Marc J. Goldstein Arbitrator & Mediator NYC
July 31, 2009

Hall Street and the Problem of Post-Award Litigation — Conference Paper for ABA Business Law Section Panel, Chicago, August 2, 2009

Hall Street v. Mattel, and the Problem of Post-Award Litigation

By Marc J. Goldstein

Sixteen months after the Supreme Court’s decision in Hall Street Assocs. v. Mattel, Inc., 128 S. Ct. 1396 (2008), and despite the rivers of “ink” that have flowed in commentary on the implications of the decision, one may seriously ask whether the realm of post-Award judicial proceedings has really changed very much. And one may well ask, should that realm change more dramatically than it already has, and if so, how do we get from here to there?

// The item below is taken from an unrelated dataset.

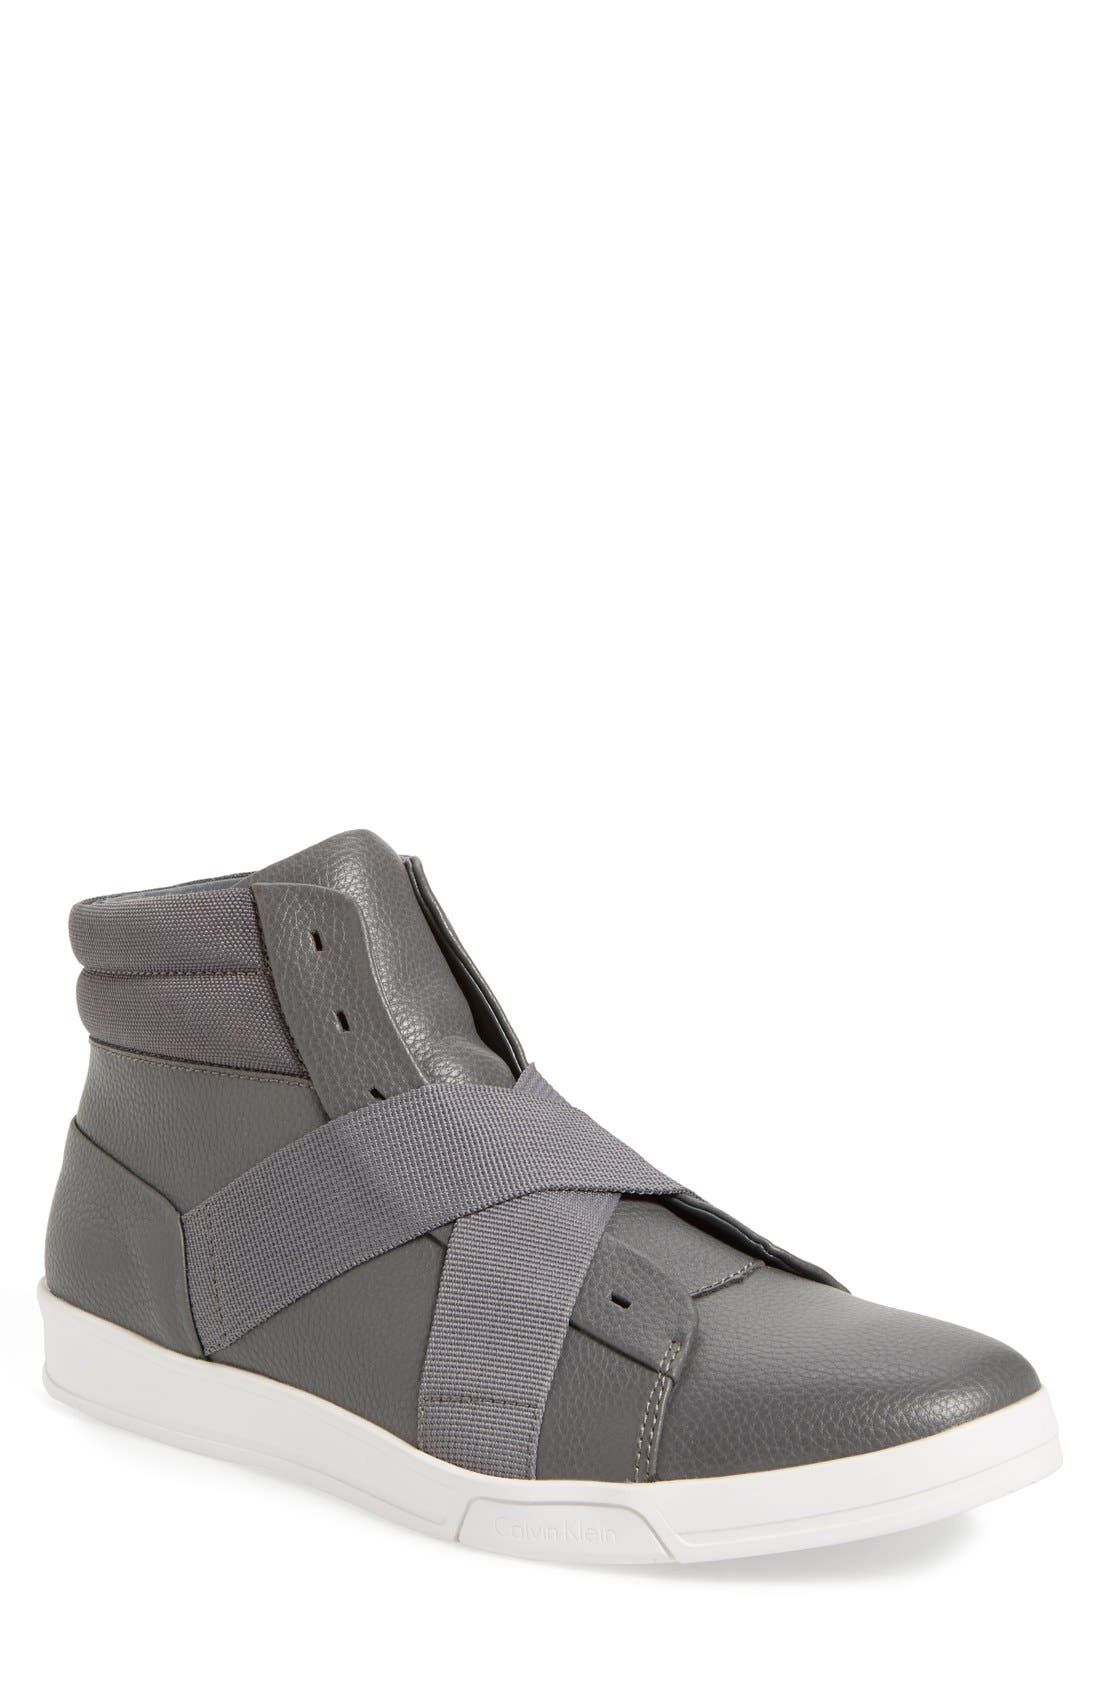 Alternate Image 1 Selected - Calvin Klein 'Banjo' High Top Sneaker (Men)

For those who desire full-bore judicial review on the merits of the decisions of arbitrators, the Hall Street decision is of course a major disappointment. The holding of Hall Street is that in a case to which the Federal Arbitration Act applies, the parties may not by agreement invest the courts with broader powers of review than the FAA prescribes. But even within the four corners of the Court’s opinion, one finds something of a roadmap to expanded judicial review. The parties might agree, said the Court, that any motion to confirm, vacate, modify, or correct the award shall be brought only in the courts of a particular state and shall be determined according to the arbitration law of that state. Find a state whose arbitration law provides for expanded review on the merits, and subscribe. That option was of course widely understood before Hall Street, and I doubt that the decision has provoked a massive flight to state courts in the drafting of arbitration clauses.

Another alternative for expanded review, not discussed in the Hall Street opinion and little discussed in the commentaries, is drafting the arbitration clause to provide for an arbitral appeal panel with powers to review the “trial” arbitrator’s conclusions of law and findings of fact according to an agreed-upon standard.
This option, while legally possible, does require for effective implementation the thoughtful involvement of an arbitration lawyer before signing of the contract. If the parties are otherwise agreeing to arbitrate under a particular set of institutional rules, such as those of the AAA or CPR, to effectuate an agreement for appellate arbitration they must expressly opt out of the rules providing for the finality of the “trial” arbitrator’s award, and provide that such award shall not be final for purposes of any application for judicial relief in respect of the award until the agreed arbitral appellate process has been completed (or the time to invoke it has expired). But arbitral institutions have not leaped into the fray to offer services as administrators of appellate arbitration, or to promulgate rules of arbitral appellate procedure. One might infer from this that not very much of a market for appellate arbitration has emerged. Companies that covet the protection against error of appellate review will generally opt to litigate in the first instance before judicial tribunals.

And so Hall Street does not appear to have wrought any widespread and dramatic changes in the way arbitration clauses are written. But what it may well have done, I believe, is to reinforce a movement, if not a clear trend, away from arbitration and back to the judicial system.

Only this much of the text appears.